The World Health Organization (WHO) updated their COVID-19 vaccination guidance on March 28. It calls for a focus on vaccinating and boosting those at risk for developing serious disease. The guidance basically shrugged its shoulders when it came to healthy children and young adults receiving vaccinations and boosters against COVID-19. It said the priority should be to administer the “traditional essential vaccines for children,” such as those that protect against measles, rubella, and mumps.
“As an immunologist and a mother, I think that catching a cold or two when you are a kid and otherwise healthy is not that bad for you. Children have a much lower risk of becoming severely ill with SARS-CoV-2,” says Karlsson. She has followed public health guidance in Sweden, which means that her young children have not been vaccinated, but being older, she has received the vaccine and boosters. Gandhi and her children have been vaccinated, but they do not plan on additional boosters.

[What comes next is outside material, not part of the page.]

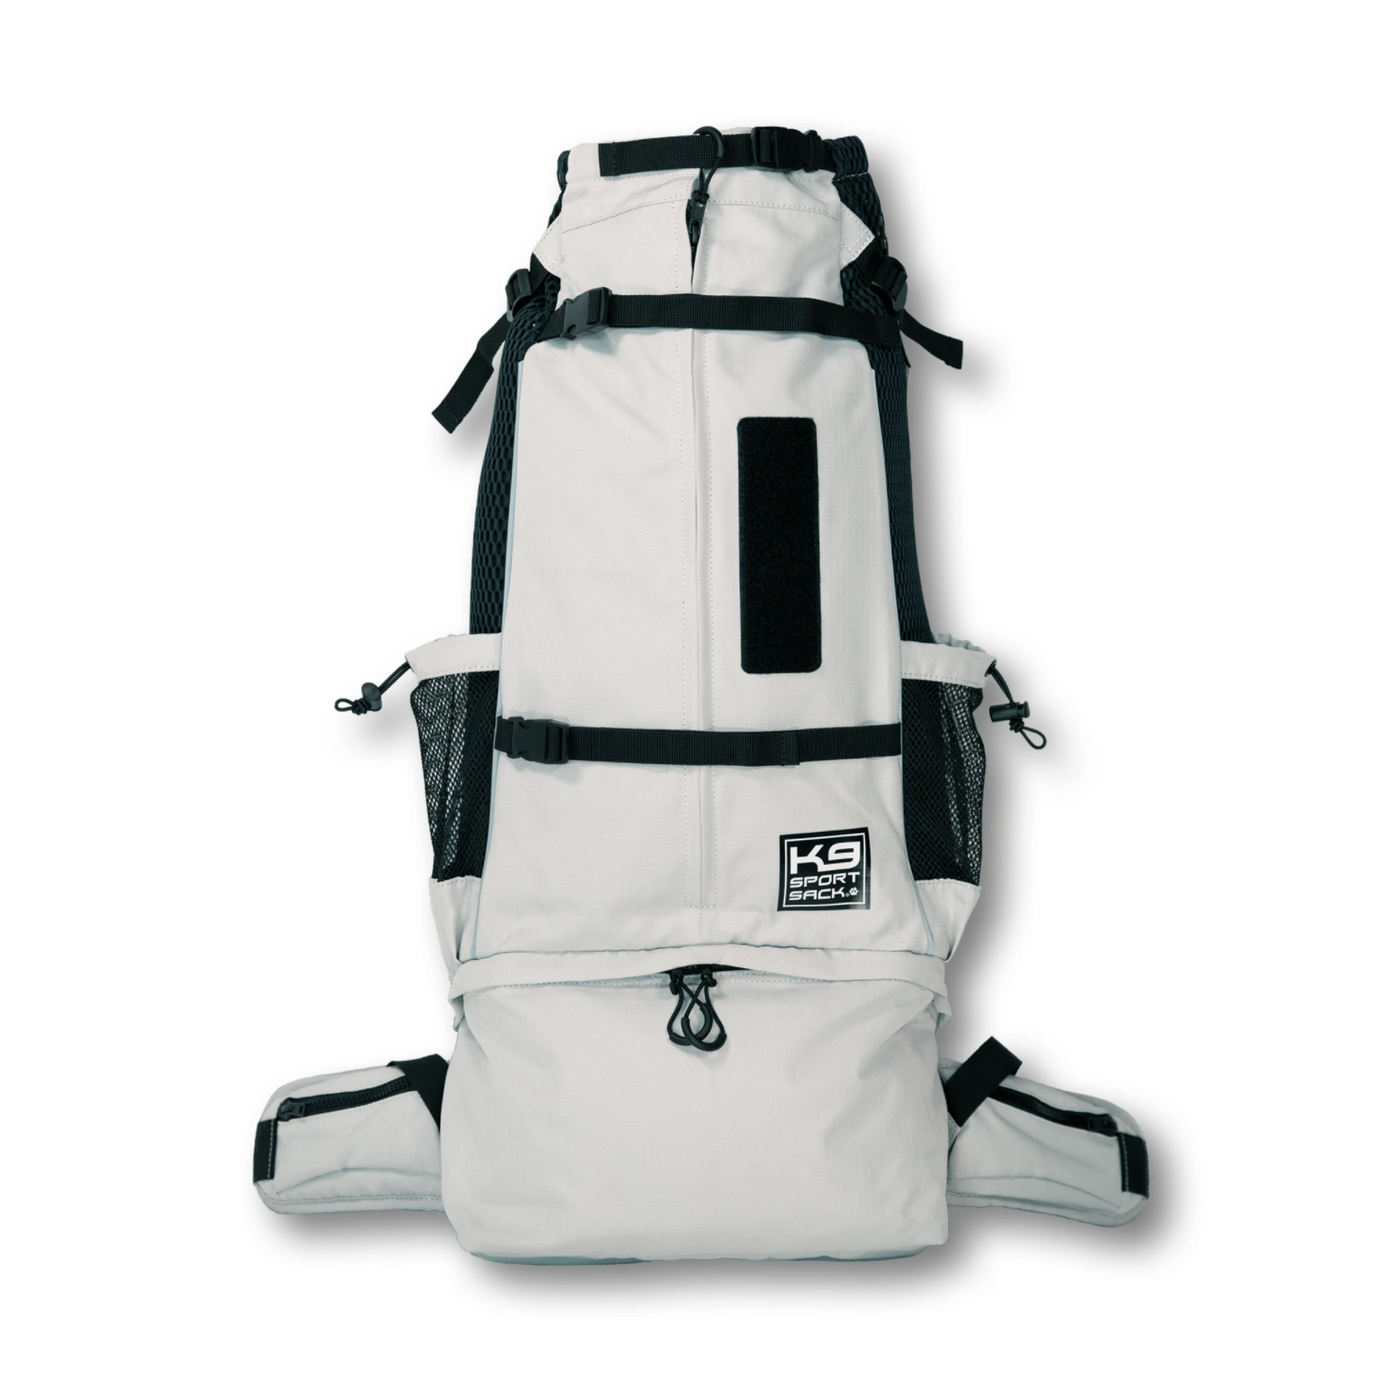 K9 SPORT SACK KNAVIGATE - The Best Dog carrier backpack in lunar grey

The WHO got it right in “concentrating on what matters,” which is getting traditional childhood immunizations back on track after their dramatic decline over the last three years, says Gandhi. Nor is there a need for masking in schools, according to a study from the Catalonia region of Spain. It found “no difference in masking and spread in schools,” particularly since tracking data indicate that nearly all young people have been exposed to SARS-CoV-2.
Both researchers lament that public discussion has overemphasized the quickly fading antibody part of the immune response to SARS-CoV-2 compared with the more durable T cell component. They say developing an efficient measure of T cell response for doctors to use in the clinic would help to monitor immunity in people at risk for severe cases of COVID-19 compared with the current method of toting up potential risk factors.